▶ **LISTED ENTRIES**:
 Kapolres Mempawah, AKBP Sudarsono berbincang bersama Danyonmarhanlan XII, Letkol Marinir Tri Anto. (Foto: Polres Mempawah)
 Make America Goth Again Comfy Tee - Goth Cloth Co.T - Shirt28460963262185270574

---

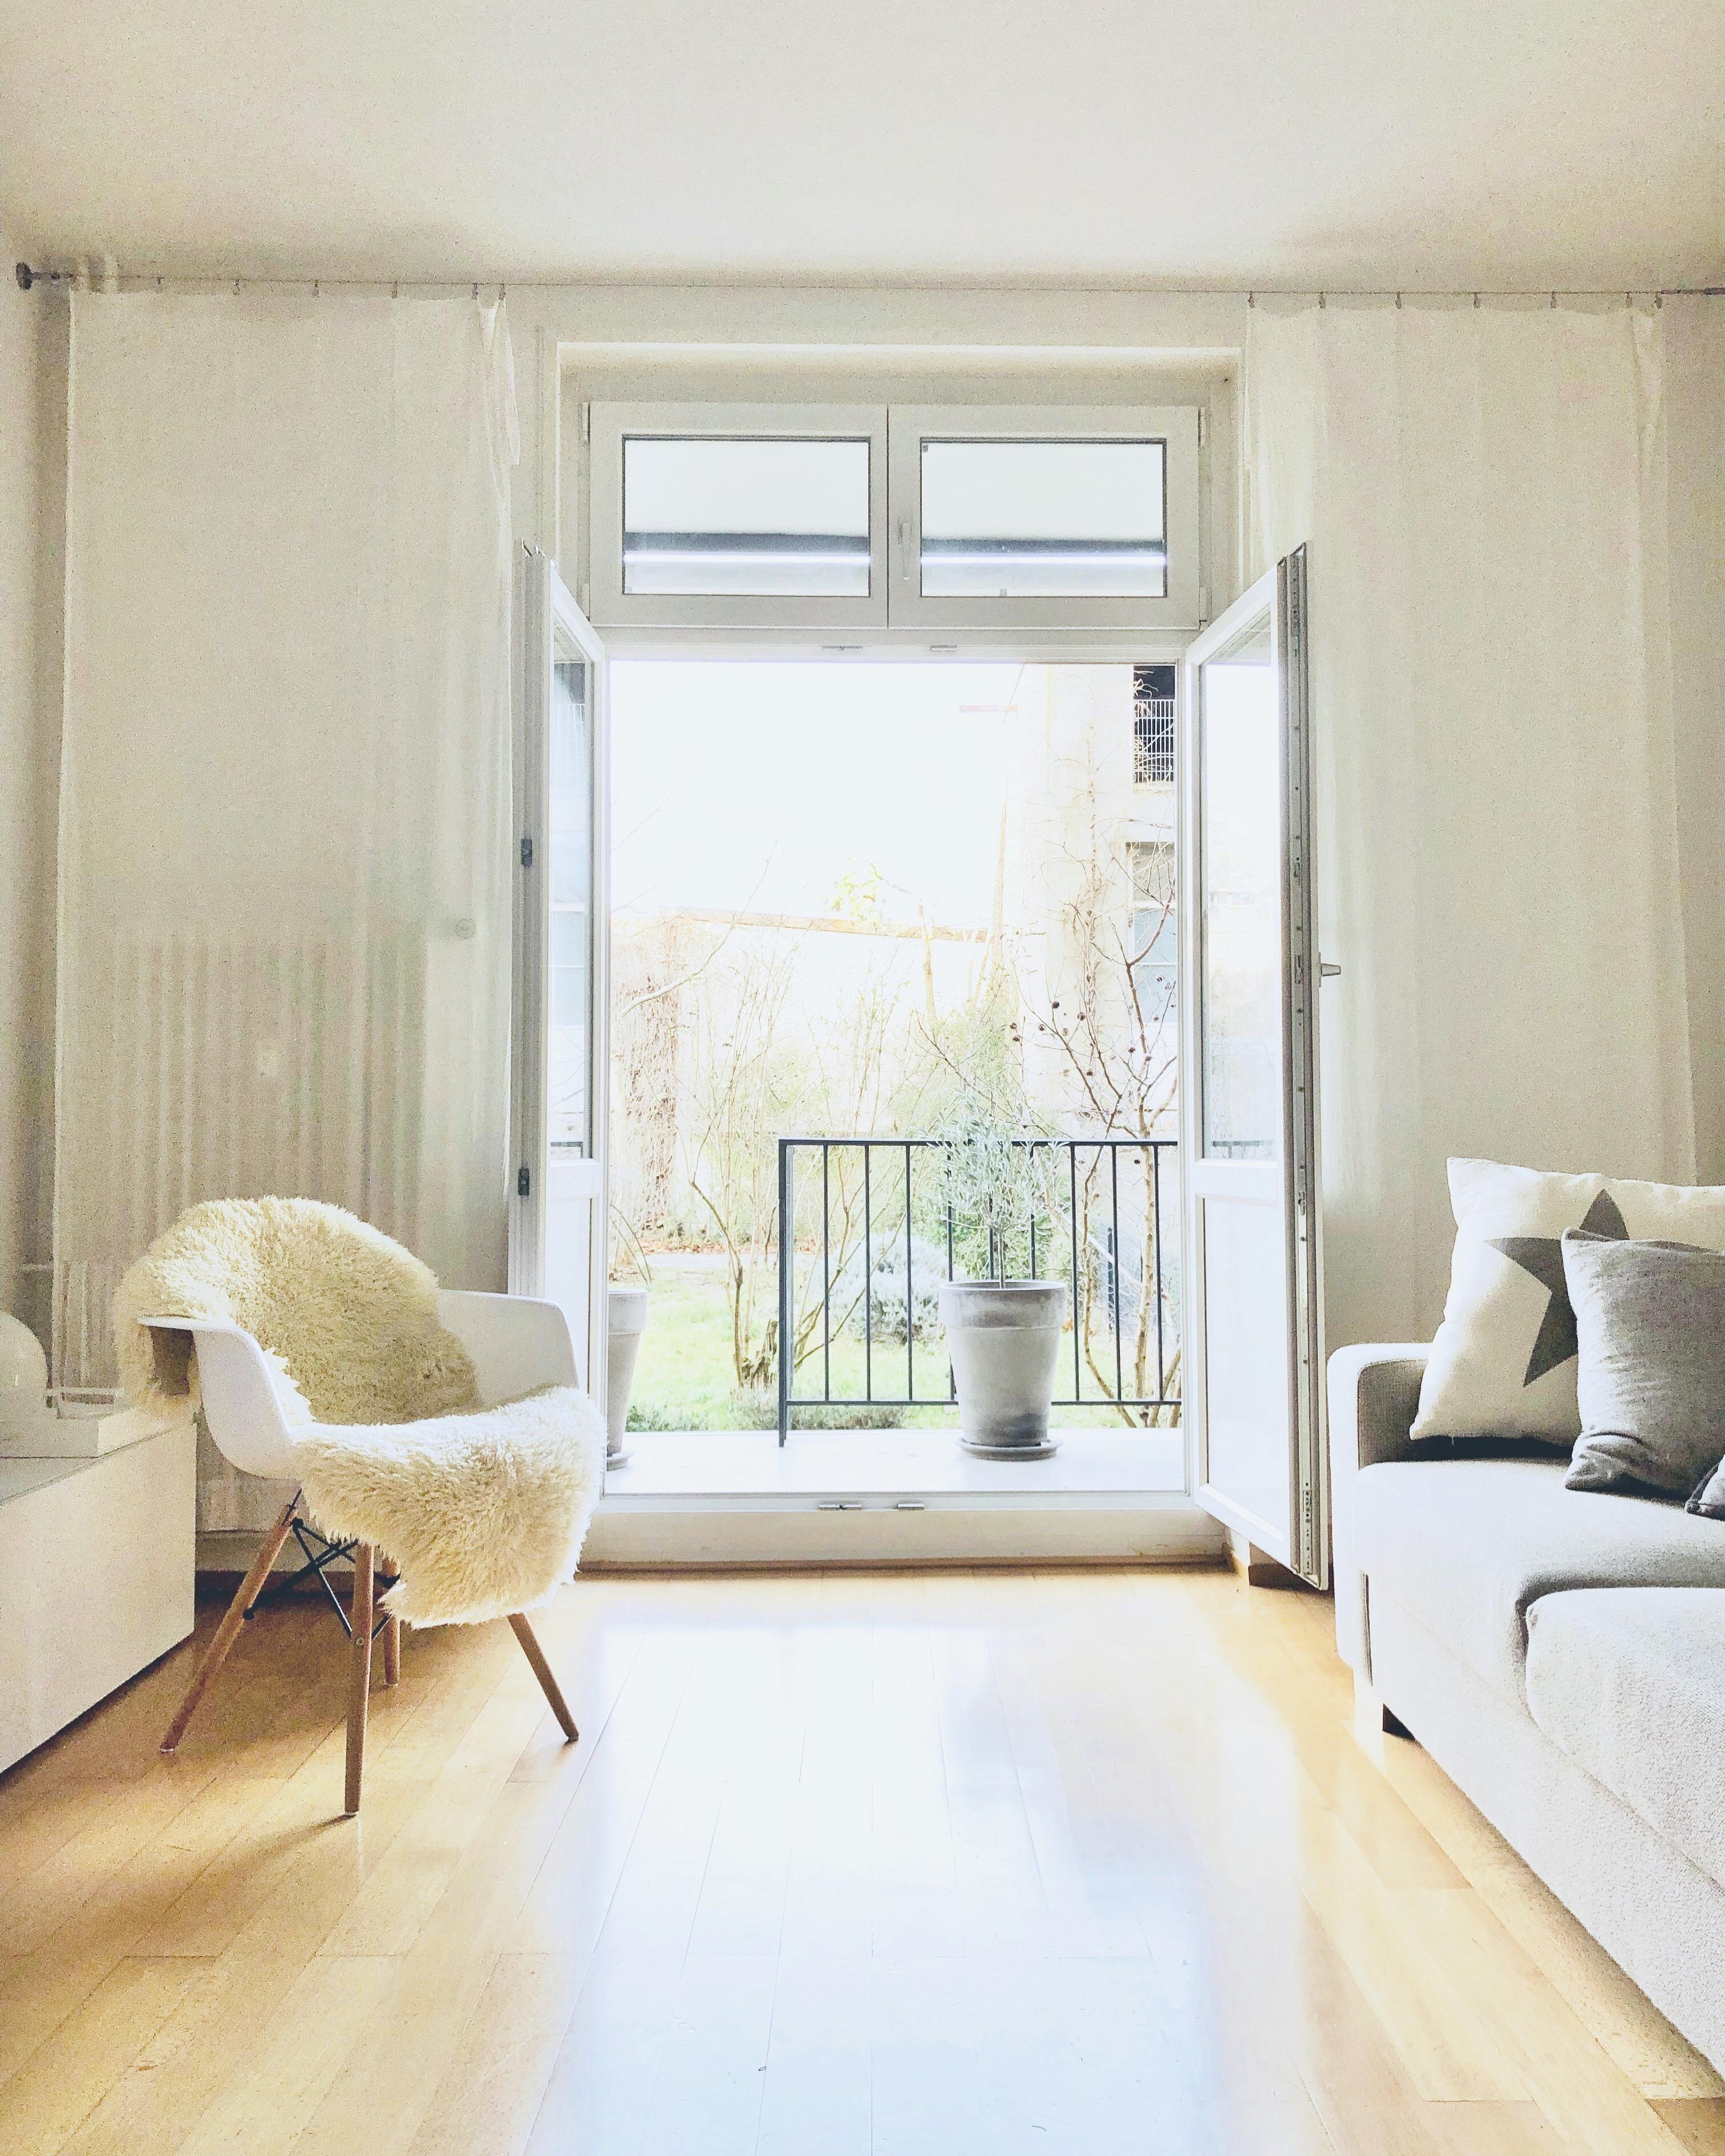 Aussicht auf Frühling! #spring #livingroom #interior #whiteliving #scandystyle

...

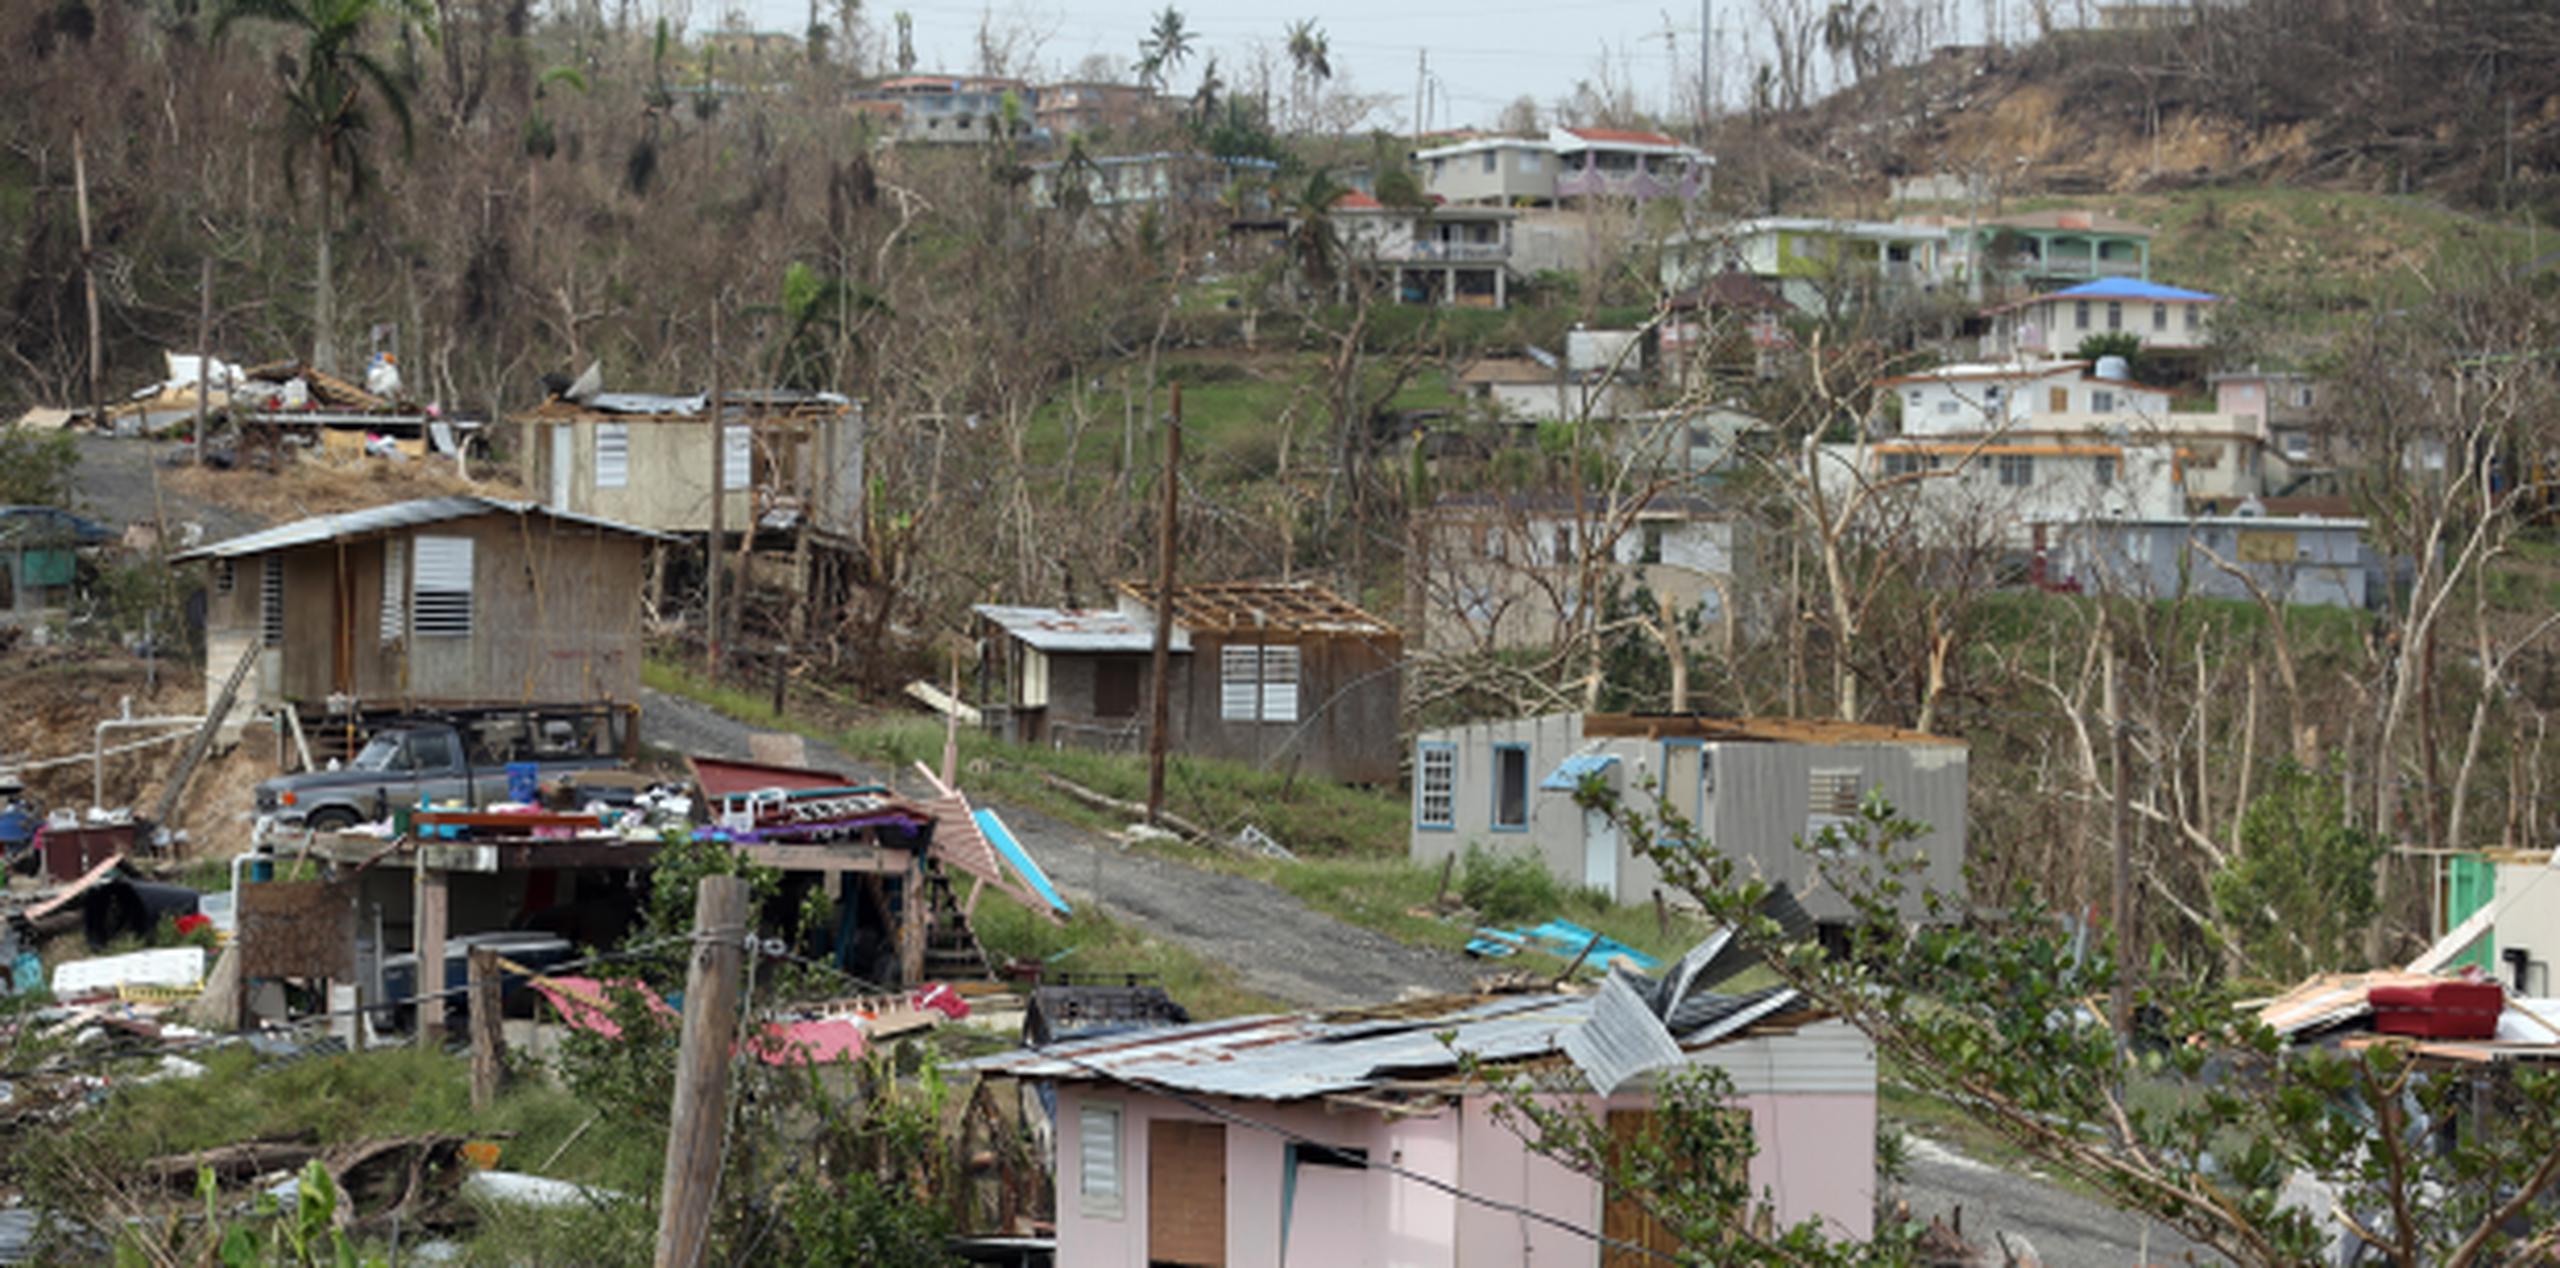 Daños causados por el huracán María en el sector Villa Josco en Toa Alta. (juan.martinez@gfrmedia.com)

▶ **REQUIRED WORK**: Since only part of the listing is wanted, copy exactly the lines from the one holding "Kapolres Mempawah, AKBP" to the one holding "Make America Goth", both included.

▶ **TASK OUTPUT**:
 Kapolres Mempawah, AKBP Sudarsono berbincang bersama Danyonmarhanlan XII, Letkol Marinir Tri Anto. (Foto: Polres Mempawah)
 Make America Goth Again Comfy Tee - Goth Cloth Co.T - Shirt28460963262185270574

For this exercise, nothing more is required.